Inflammation may also suppress pituitary hormone levels. Our results showed that pituitary hormone BA-Z scores were lower in TS 1 and 2 males. This finding may contribute to the sex difference in uGH/serum IGF-1 ratio in TS 1 and 2 children. Inflammatory markers correlated with LH BA-Z scores in males, but not with FSH BA-Z scores in females. Furthermore, sex modified the effect of CRP on pituitary hormone BA-Z scores. Higher levels of CRP were associated with lower pituitary hormone BA-Z scores in males, not females, suggesting that the impact of inflammation on hormone levels may differ by sex. In a rat model of colitis, investigators reported that the profile of plasma LH and FSH concentrations was similar to levels observed in control female rats38, suggesting that hypopituitarism may not be the cause of growth impairment in CD36,45. In contrast, others have reported diminished plasma LH and FSH levels in CD46,47 and cystic fibrosis, to a lesser extent in females than males48. Thus, the existing evidence is mixed and deserves further study to advance our understanding of the impact of CD on hypothalamic-pituitary function and statural growth.

LIMITATIONS

The cause of growth attenuation in CD is likely multifactorial4951. This study measures height instead of growth velocity.
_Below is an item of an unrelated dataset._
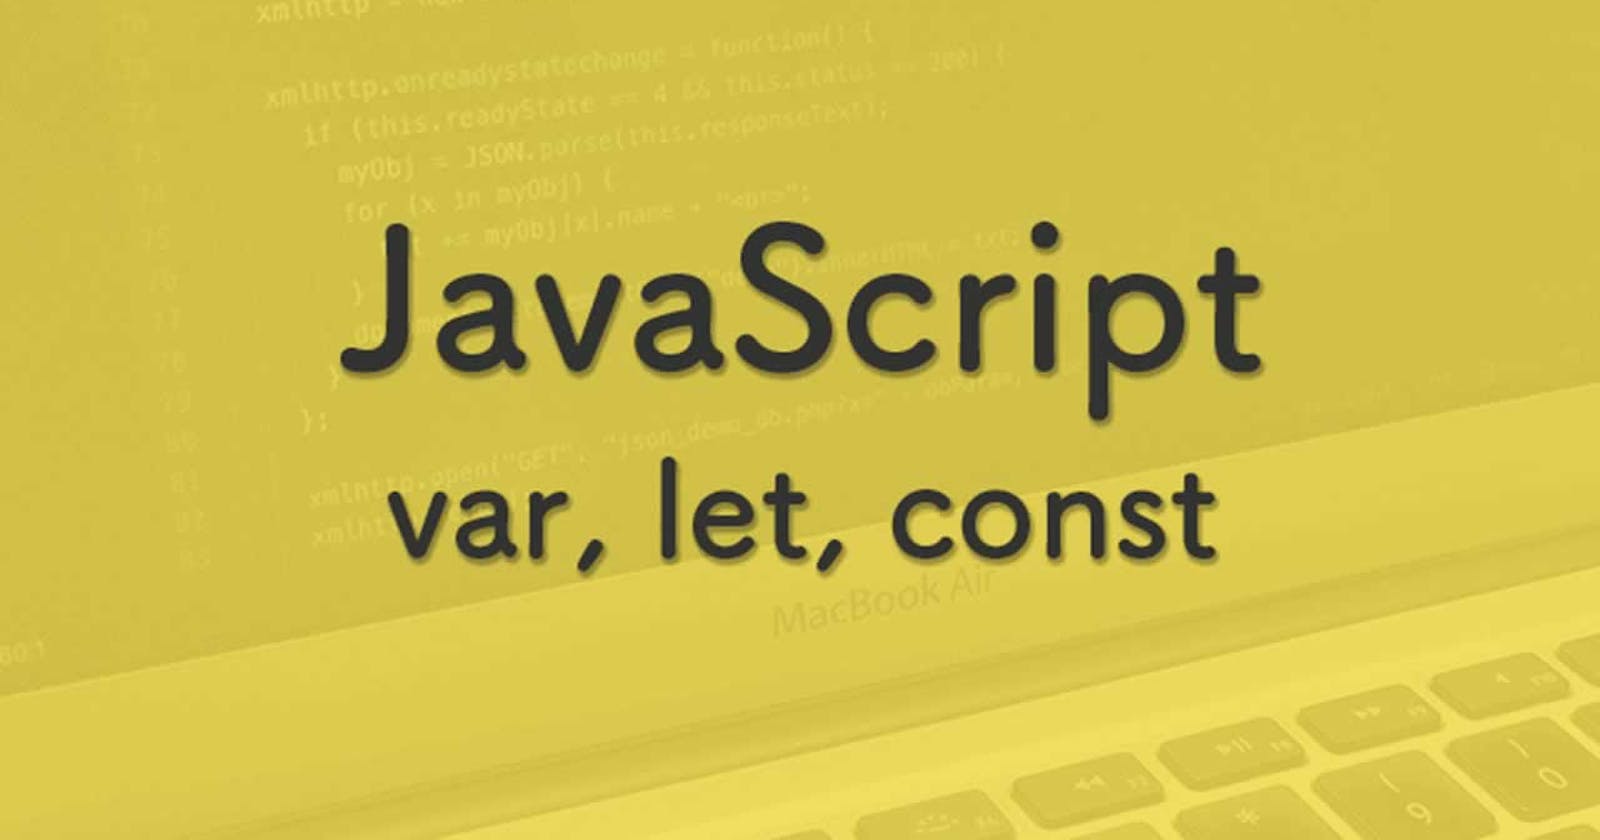 var, let and const in javascript
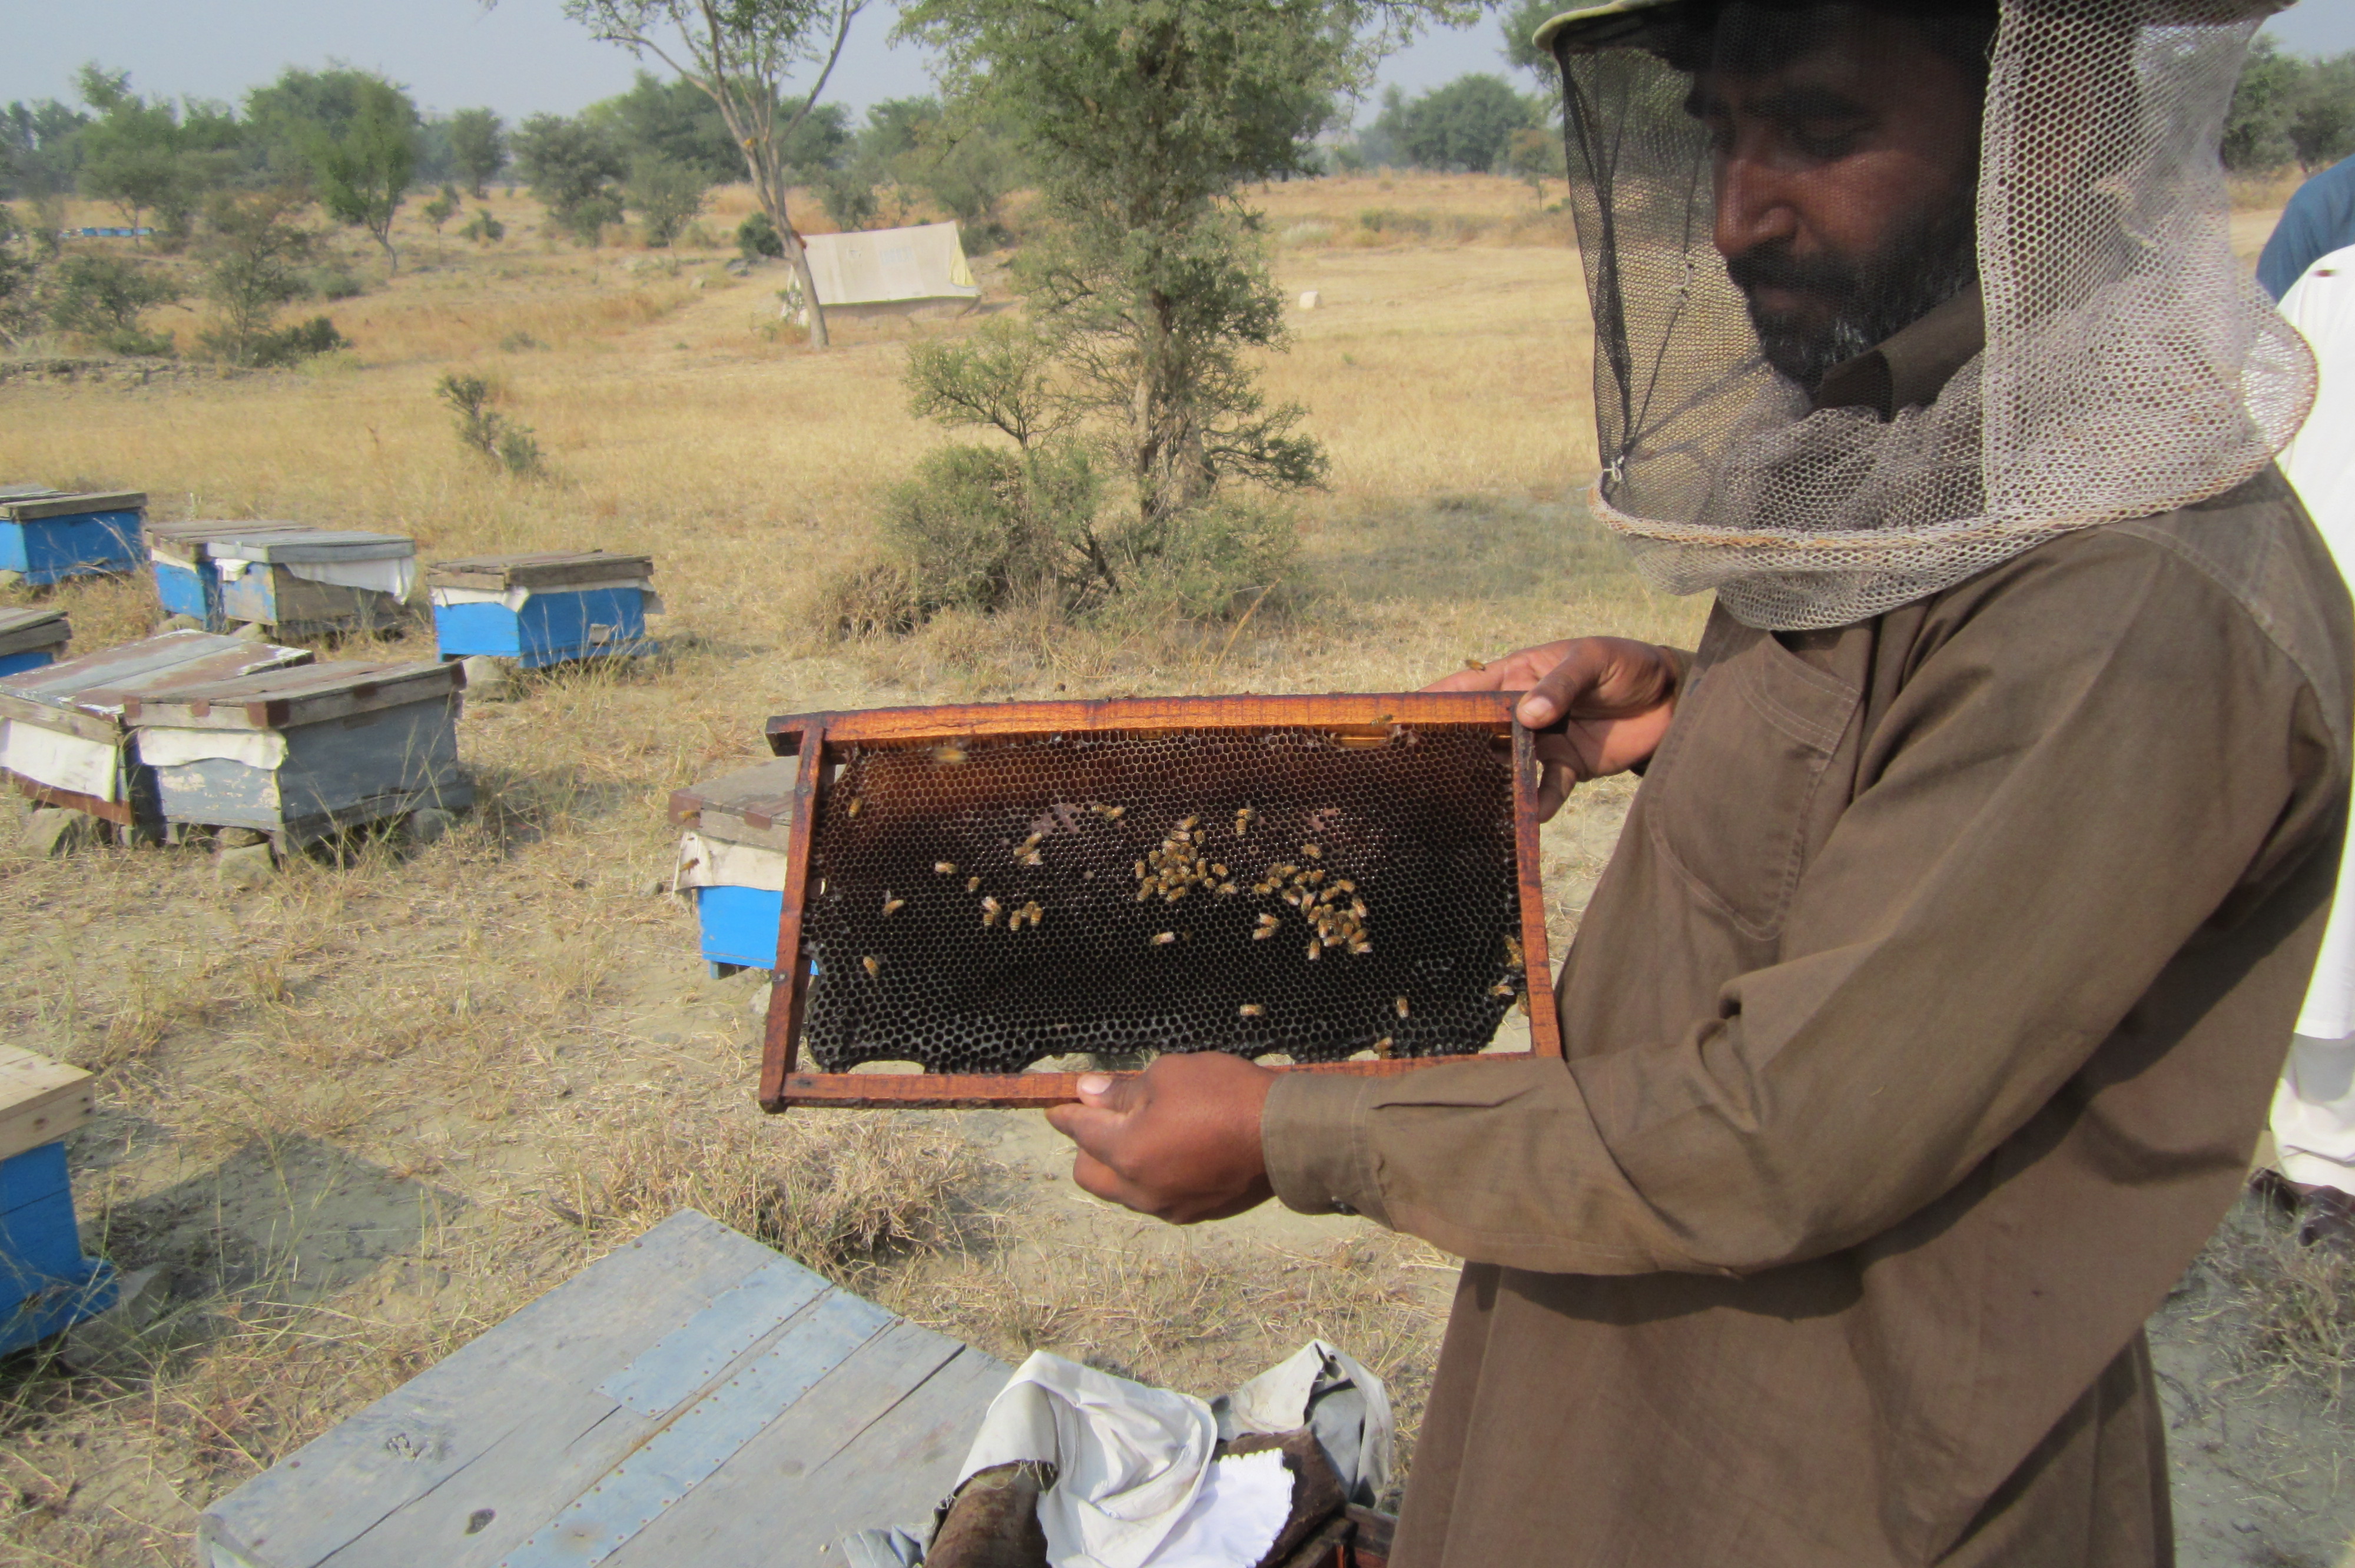 The man working with bee-boxes

Growth velocity is a dynamic marker of general health and the ultimate outcome of interest for studying growth impairment. The cross-sectional study design did not permit growth velocity to be determined in our study population. Nevertheless, the relationships between sex, statural growth, IGF-1, and inflammation demonstrated in this study are consistent with a causal relationship between sex differences in IGF-1 levels and sex differences in growth impairment observed in pediatric patients with CD.

SUMMARY AND CONCLUSIONS

While the regulation of growth is a complicated process affected by many factors, we chose to focus on the inflammatory process and its impact on the endocrinologic mechanisms of growth. Our main finding is that IGF-1 Z-scores are lower in males than females. Lower IGF-1 levels in males may explain the sex differences in growth impairment in pediatric CD. Inflammatory markers did not differ by sex. Inflammation negatively affected IGF-1 and IGFBP-3 levels. Inflammatory markers were correlated with pituitary hormone and sex hormone levels in males, not females. Thus, the impact of inflammation on hormone levels and statural growth may differ in each sex.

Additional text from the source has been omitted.